Modules 1-2 Flashcards
What should we identify before gathering and analyzing data?
The question we wish to answer
What type of graph is useful for examining a data set to reveal patterns and trends?
Histogram
In a histogram, what does the x-axis represent?
Bins corresponding to ranges of data
In a histogram, what does the y-axis indicate?
The frequency of observations falling into each bin
What is an outlier?
A value that falls far from the rest of the data
What should we do before deciding on an outlier?
Carefully investigate it
What can graphing two variables on a scatter plot reveal?
Relationships between two variables (two data sets)
What is a key point regarding correlation and causation?
Correlation does not imply causation
What should we be alert to when examining relationships between two data sets?
The possibility of hidden variables
What are descriptive statistics also known as?
Summary statistics
What three values describe the center of a data set?
- Mean
- Median
- Mode
How is the mean calculated?
Sum of all data points divided by the number of data points
What is the median?
The middle value of the data set
What does the mode represent in a data set?

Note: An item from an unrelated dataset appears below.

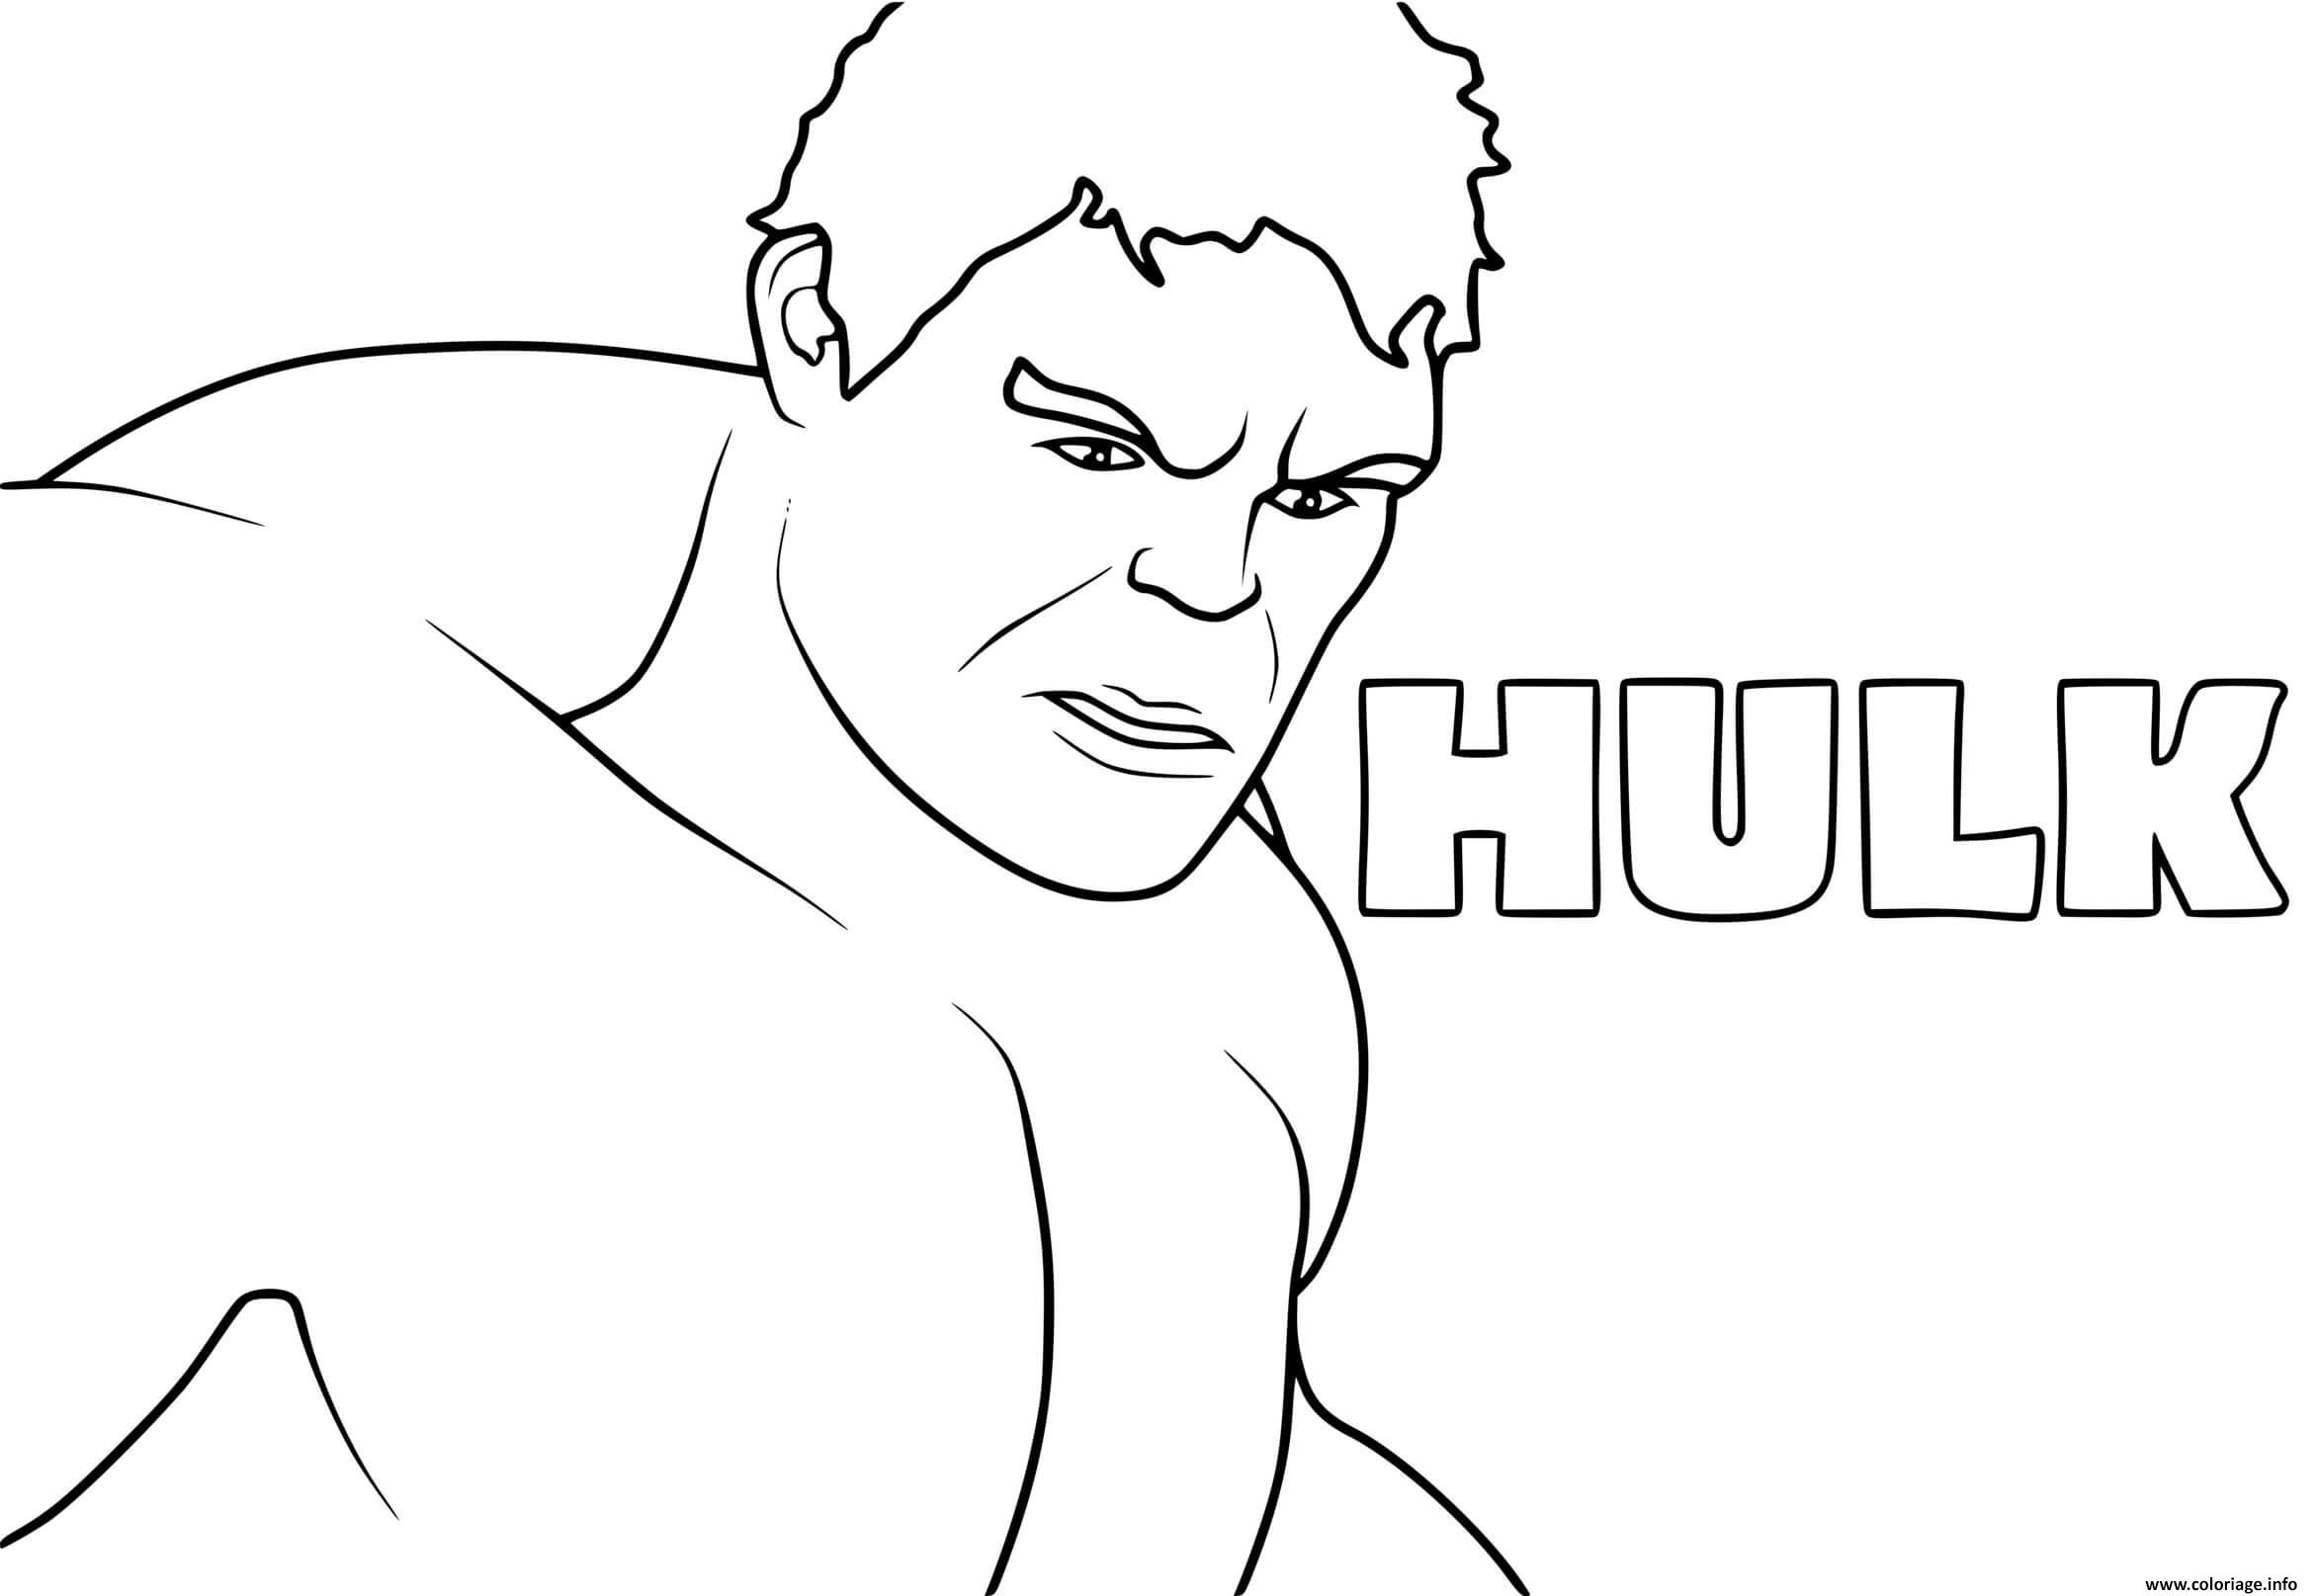 Dessin hulk personnage de fiction Coloriage Gratuit à Imprimer

The value that occurs most frequently
Can a data set have multiple modes?
Yes
What measures the spread of the data?
- Range
- Variance
- Standard deviation
How is the standard deviation calculated?

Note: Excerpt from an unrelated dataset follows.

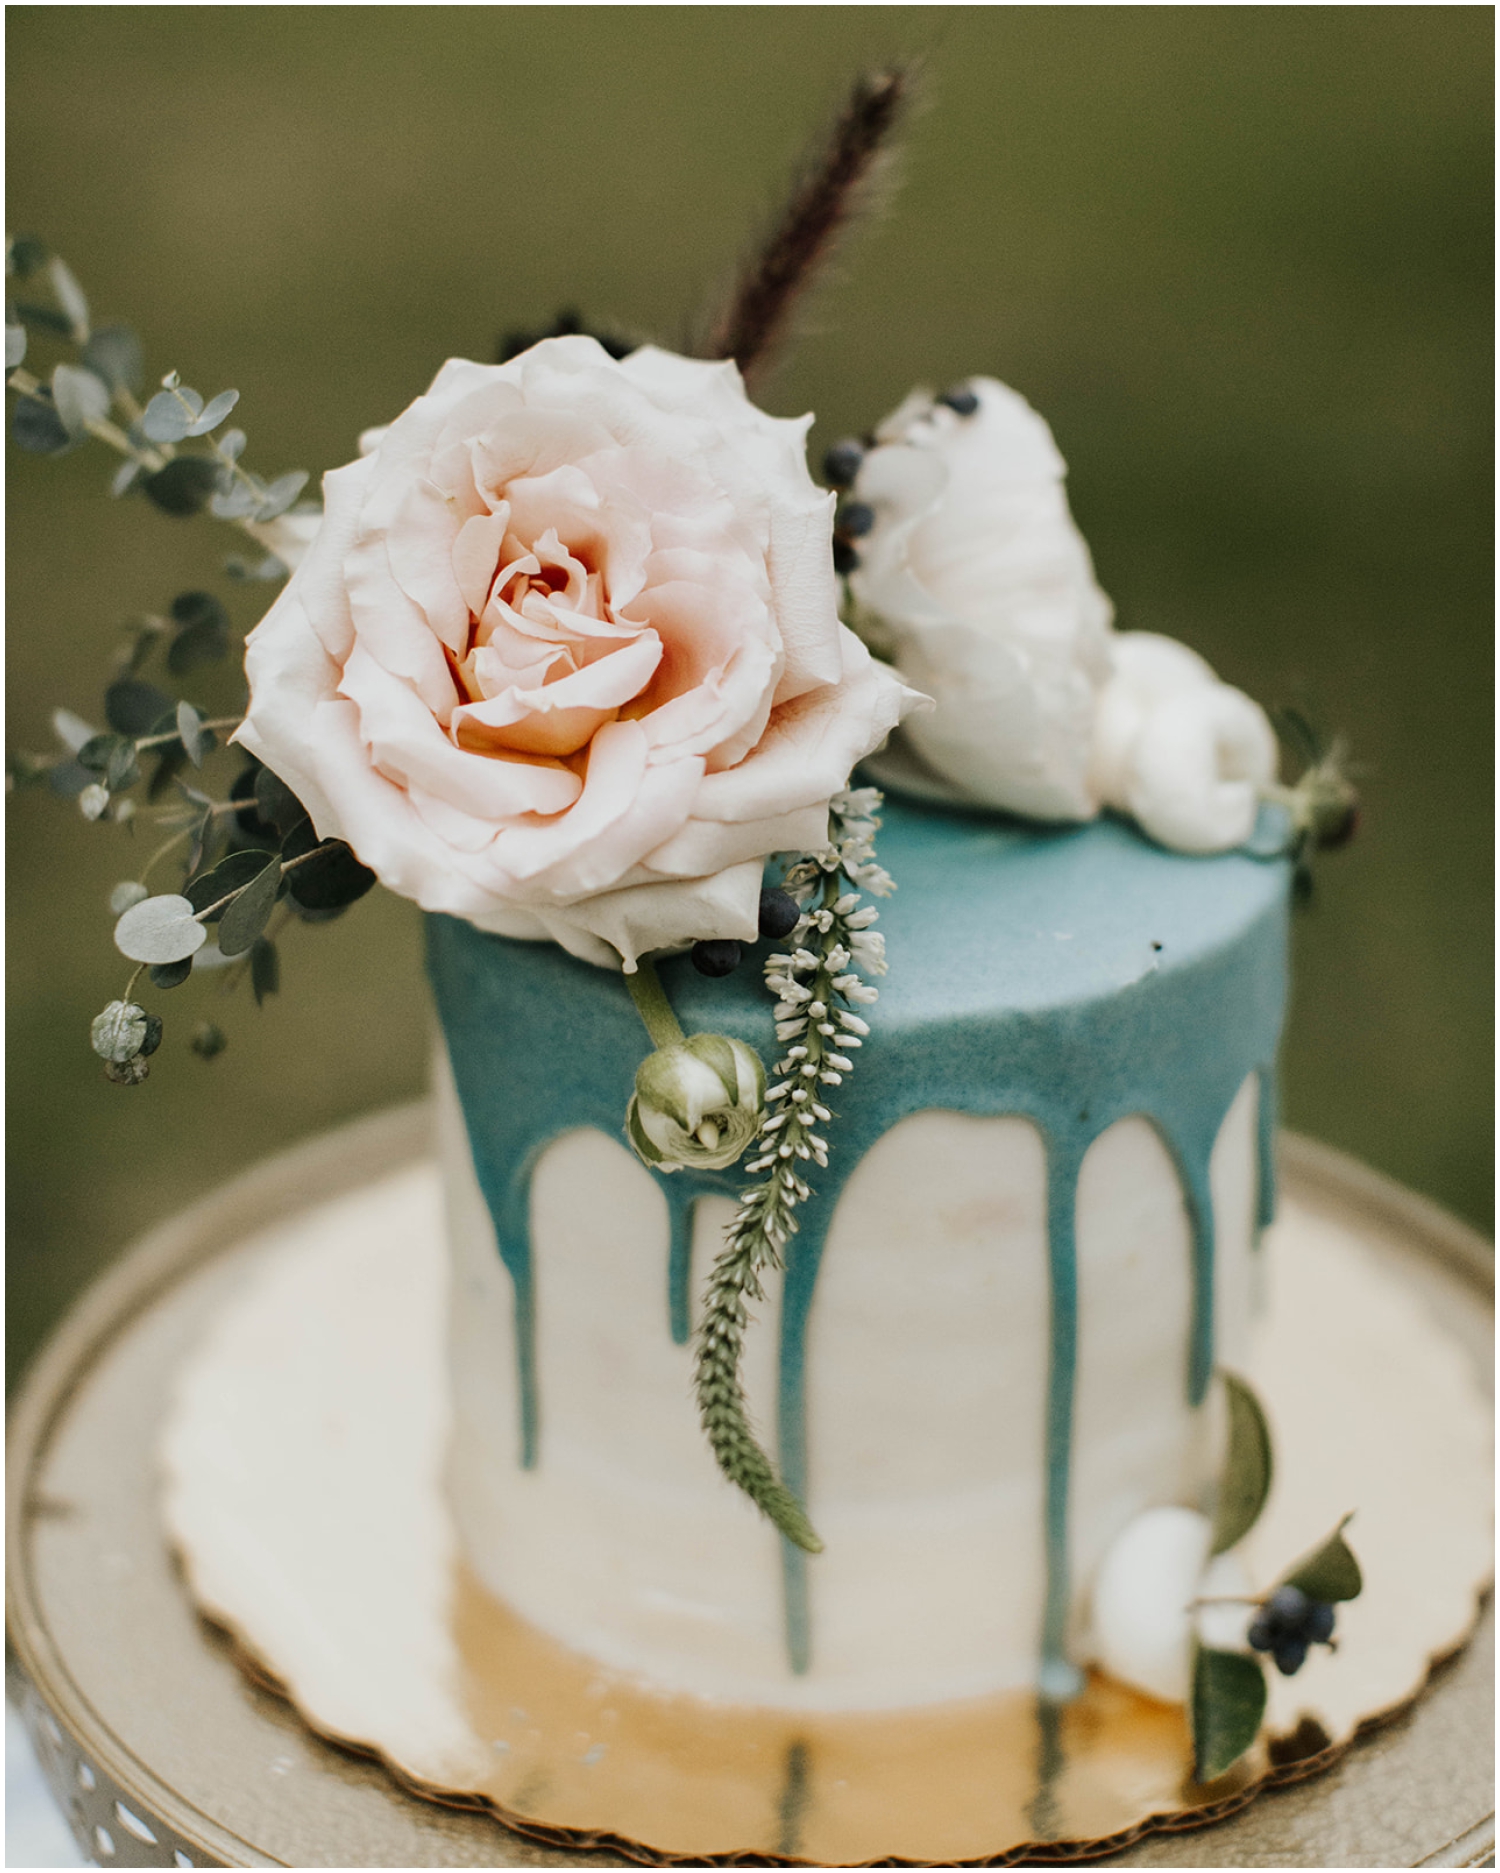  wedding cake inspiration

The square root of the variance
What is a conditional mean?
A conditional mean is the mean of a subset of the data that includes all values satisfying a certain condition.
What is a percentile?
A percentile is a value below which a certain percentage of observations fall. For example, 60% of the observations are less than or equal to the 60th percentile.
What is the median in terms of percentiles?
The median is by definition the 50th percentile of a data set.
What is the coefficient of variation?
The coefficient of variation measures the size of the standard deviation relative to the size of the mean.
What does the correlation coefficient measure?
The correlation coefficient quantifies the strength of a linear relationship between two variables.
What is the range of the correlation coefficient?
The value of the correlation coefficient ranges between -1 and +1.
What does a correlation coefficient near zero indicate?
A correlation coefficient near zero indicates a weak or nonexistent linear relationship.
What is a time series?
When one of the variables is time, the relationship is known as a time series.
What is cross-sectional data?
Cross-sectional data provide a snapshot of data across multiple groups at a given point in time.
What should you recall about Excel functions and analyses?
Familiarize yourself with all of the necessary steps, syntax, and arguments for the Excel functions covered in this course.
What does the AVERAGEIF function do?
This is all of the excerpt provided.